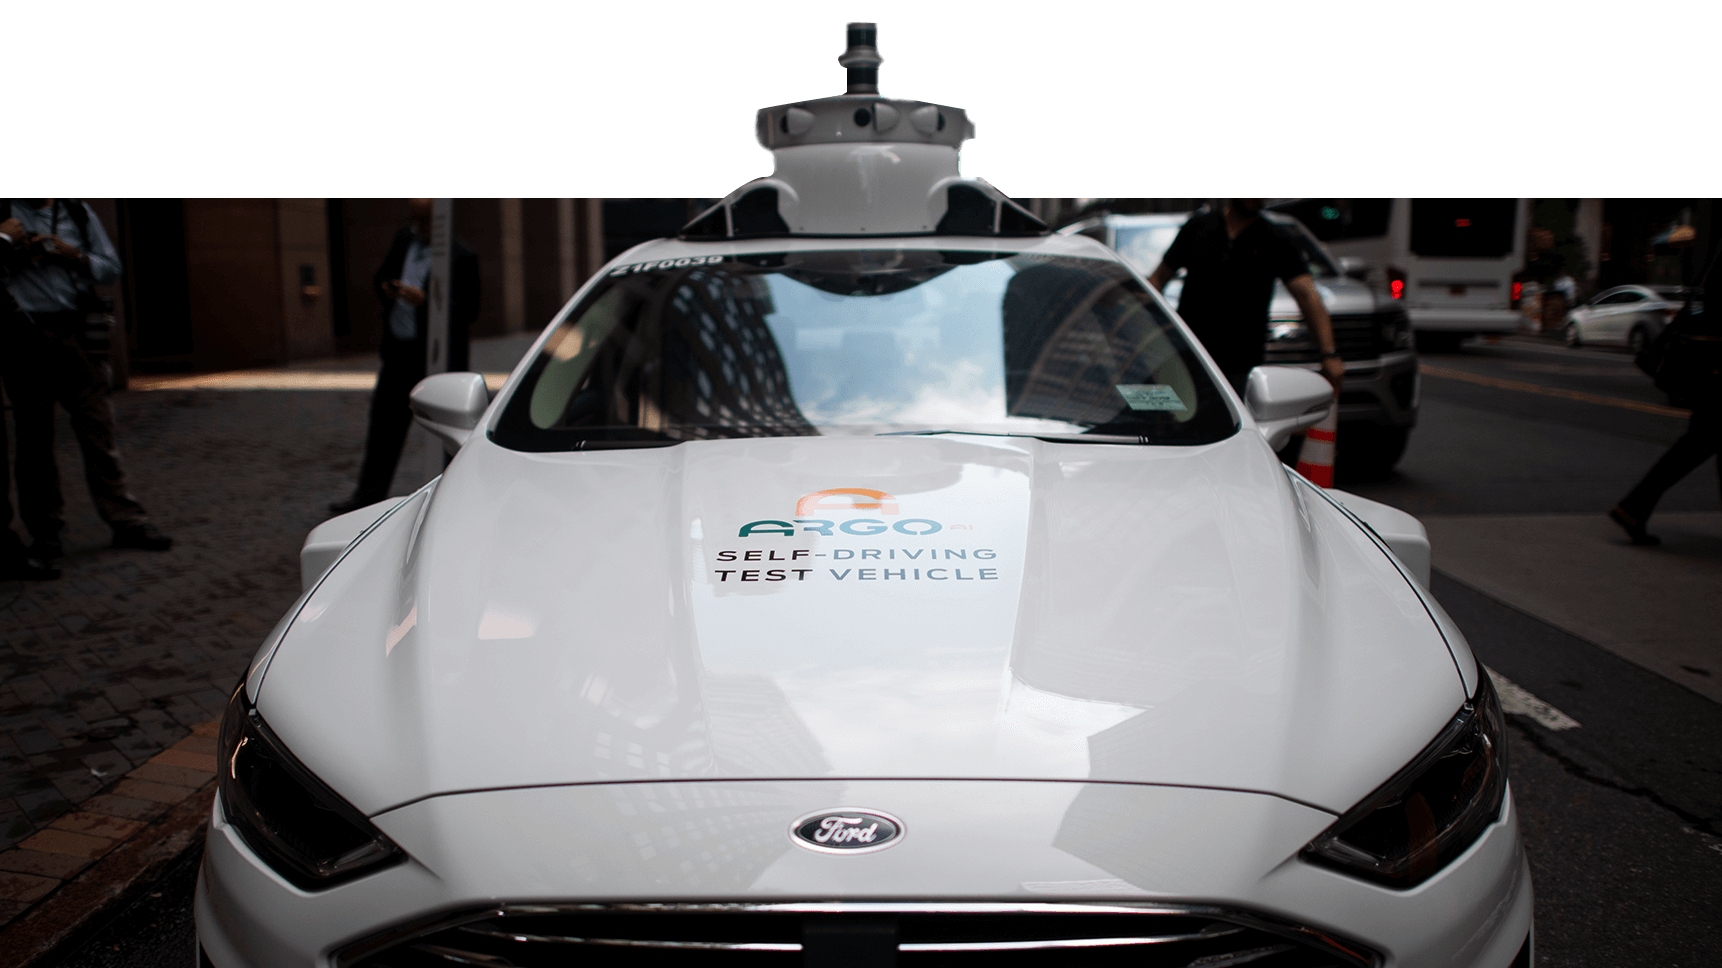 6G could provide next-gen networks for autonomous vehicles.
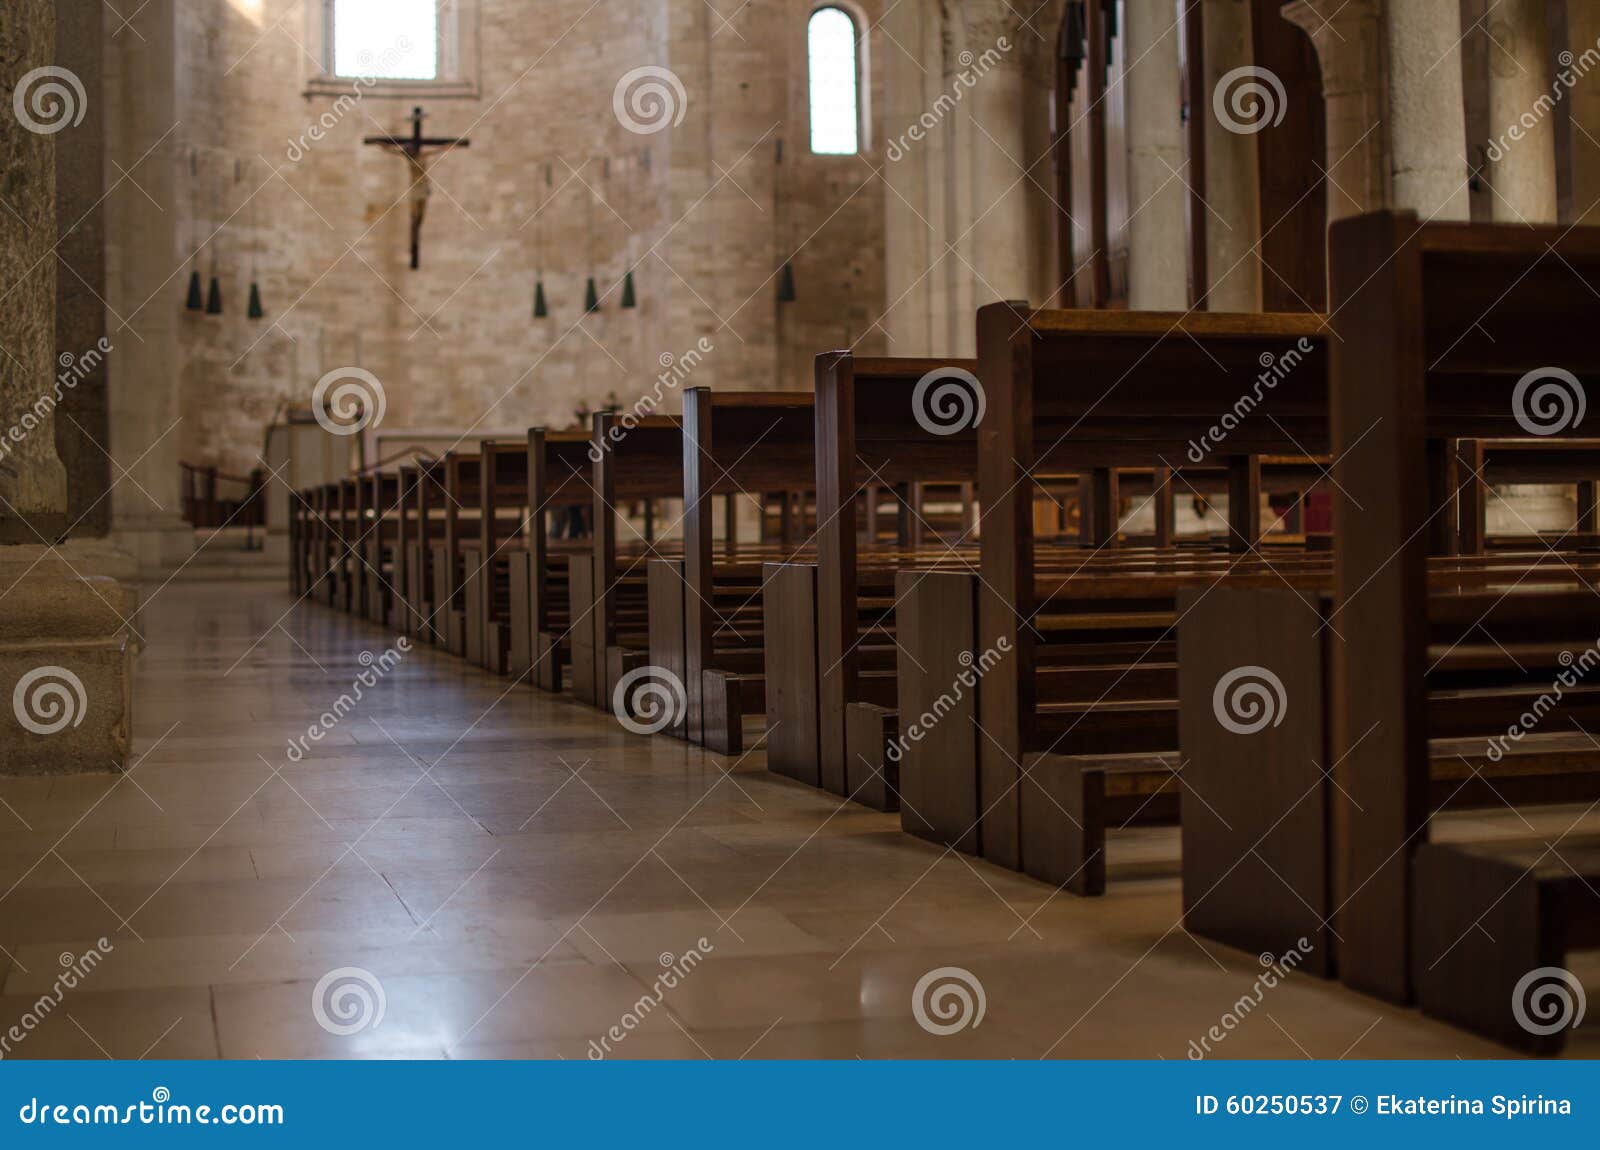 benches of a catolic italian church
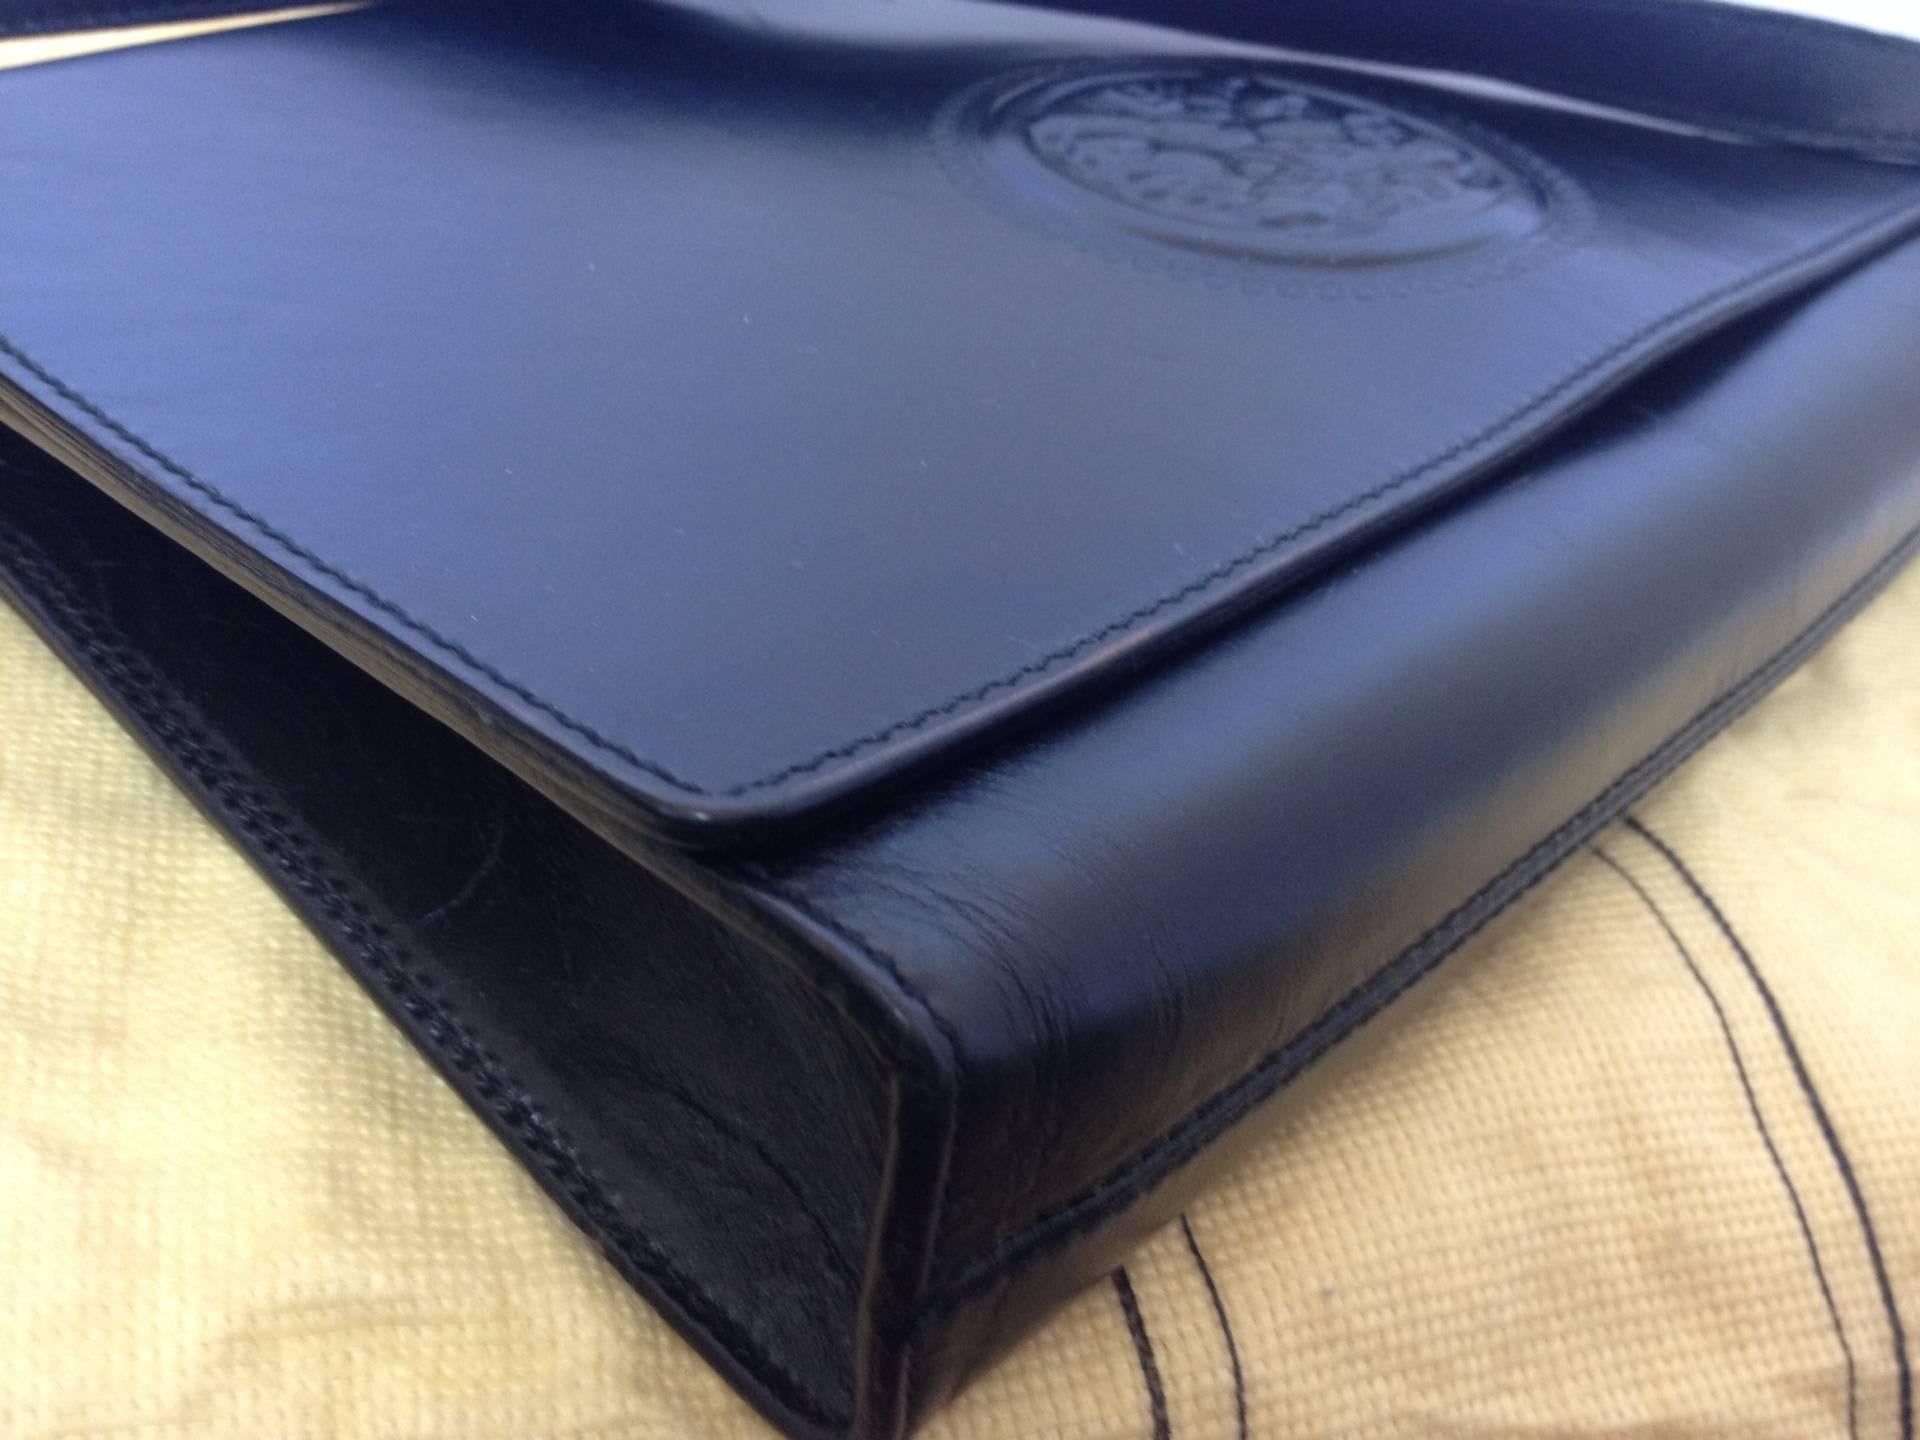 Vintage FENDI black leather shoulder bag, large clutch purse with iconic logo  4

_PROBLEM_. Exactly the lines from the one with "benches of a catolic italian church" through the end of the listing above are to be repeated, with no pictures.

_ANSWER TO THE PROBLEM_.
 benches of a catolic italian church
 Vintage FENDI black leather shoulder bag, large clutch purse with iconic logo  4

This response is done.